*** Block opens ***

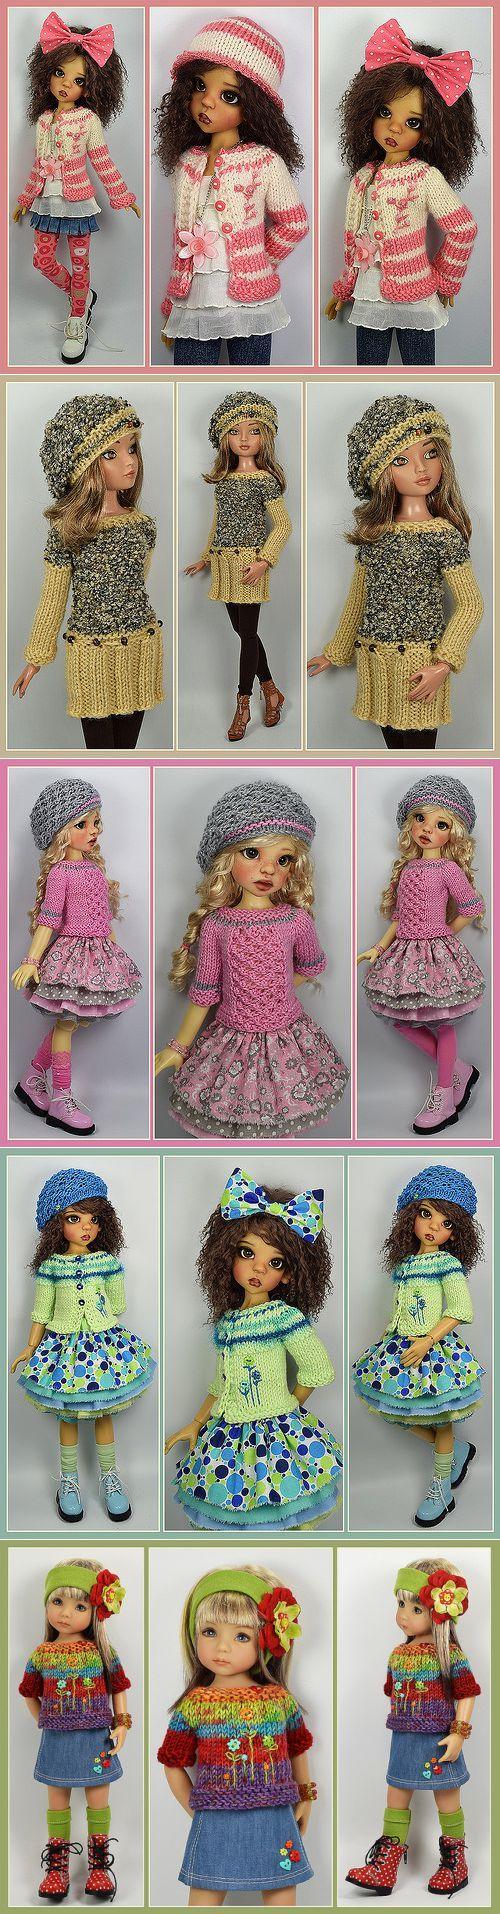 Одежда для кукол.Фото.
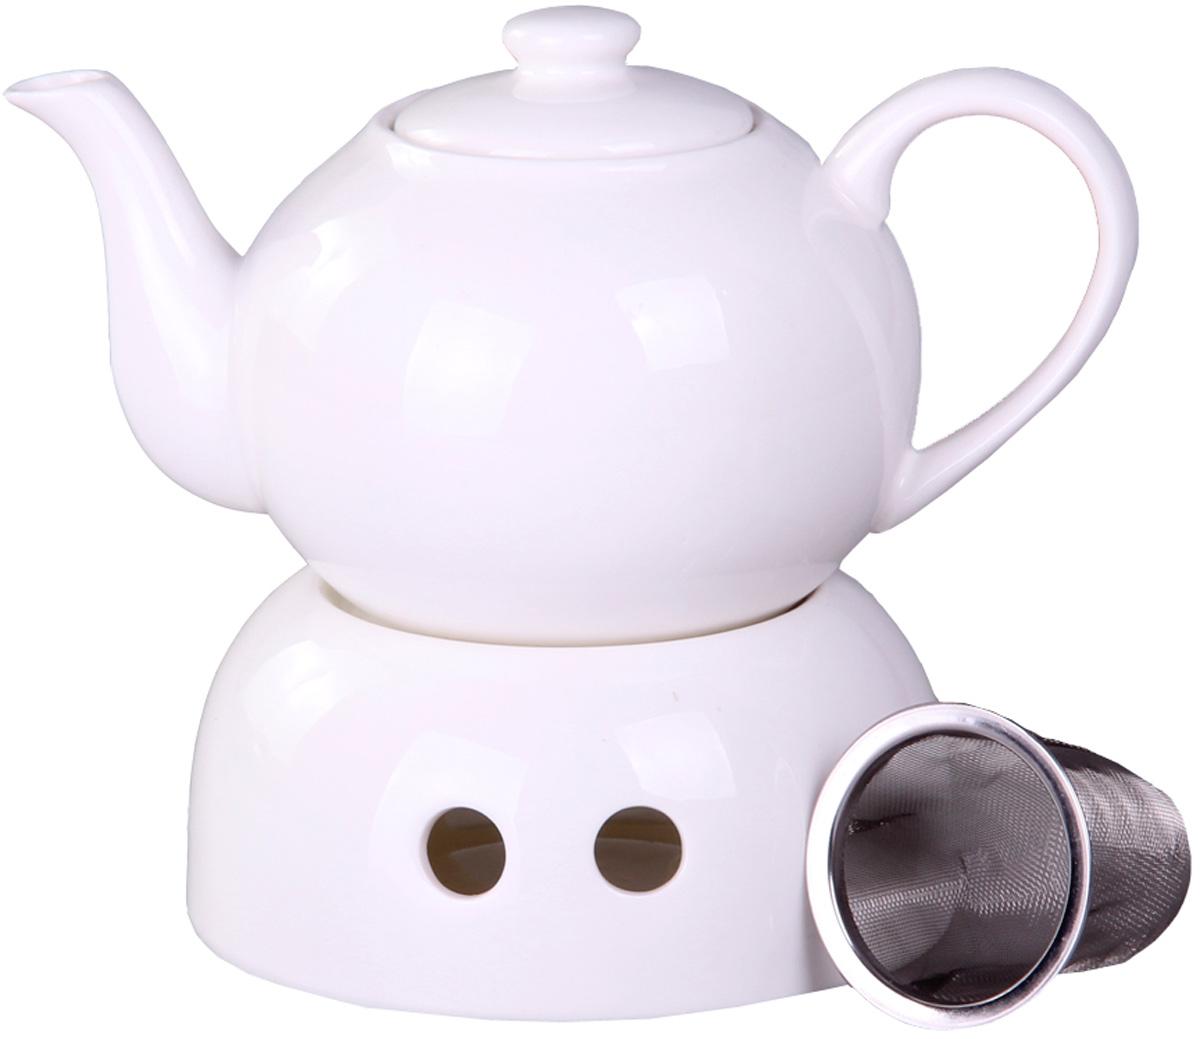 Чайник заварочный Patricia, с подогревом, с фильтром, 600 млVT-1520(SR)Чайник Patricia выполнен из керамики. Изделие располагается на керамической подставке, внутри которой устанавливается чайная свеча, поддерживающая температуру воды. Чайник оснащен съемным металлическим фильтром. Цейлонский черный, зеленый с жасмином, травяной или ягодный - любой чай в таком чайнике станет для вас наслаждением, поводом отдохнуть и перевести дыхание. Настоящие ценители этого напитка пьют только заварной чай, именно поэтому такой чайник - незаменимый предмет на кухне у гостеприимной хозяйки. Объем чайника: 600 мл.
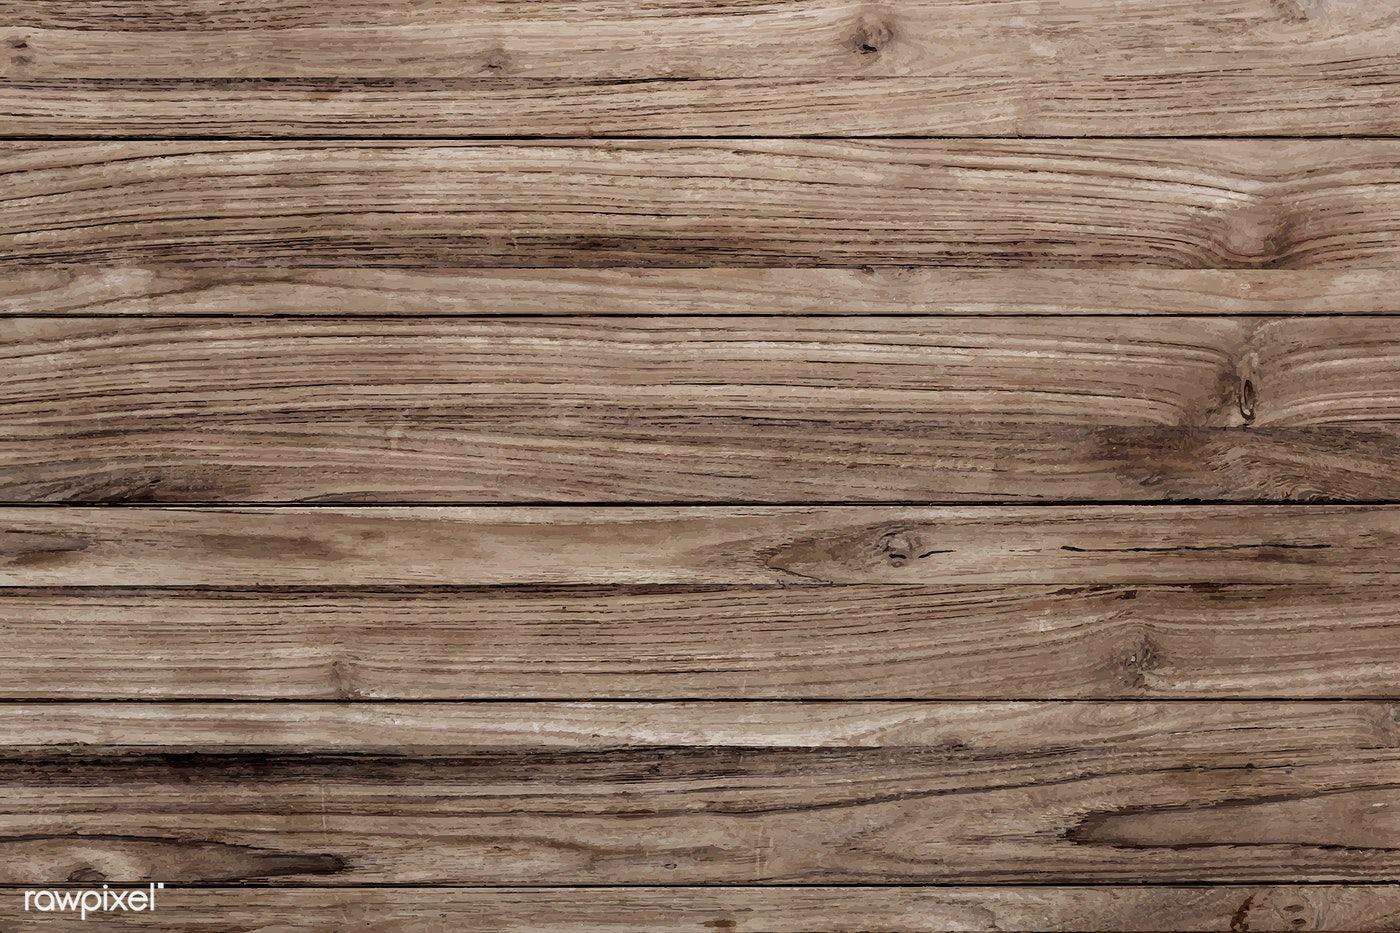 Download Premium Vector Of Brown Wooden Texture Flooring Background 514201 Wooden Textures Wood Background Free Wood Texture Background

*** Block closes ***

* Task to carry out: Every line between the one containing "Чайник заварочный Patricia, с" and the last line of the data above, both included, should be copied exactly, but not the pictures.

* Output for this exercise:
 Чайник заварочный Patricia, с подогревом, с фильтром, 600 млVT-1520(SR)Чайник Patricia выполнен из керамики. Изделие располагается на керамической подставке, внутри которой устанавливается чайная свеча, поддерживающая температуру воды. Чайник оснащен съемным металлическим фильтром. Цейлонский черный, зеленый с жасмином, травяной или ягодный - любой чай в таком чайнике станет для вас наслаждением, поводом отдохнуть и перевести дыхание. Настоящие ценители этого напитка пьют только заварной чай, именно поэтому такой чайник - незаменимый предмет на кухне у гостеприимной хозяйки. Объем чайника: 600 мл.
 Download Premium Vector Of Brown Wooden Texture Flooring Background 514201 Wooden Textures Wood Background Free Wood Texture Background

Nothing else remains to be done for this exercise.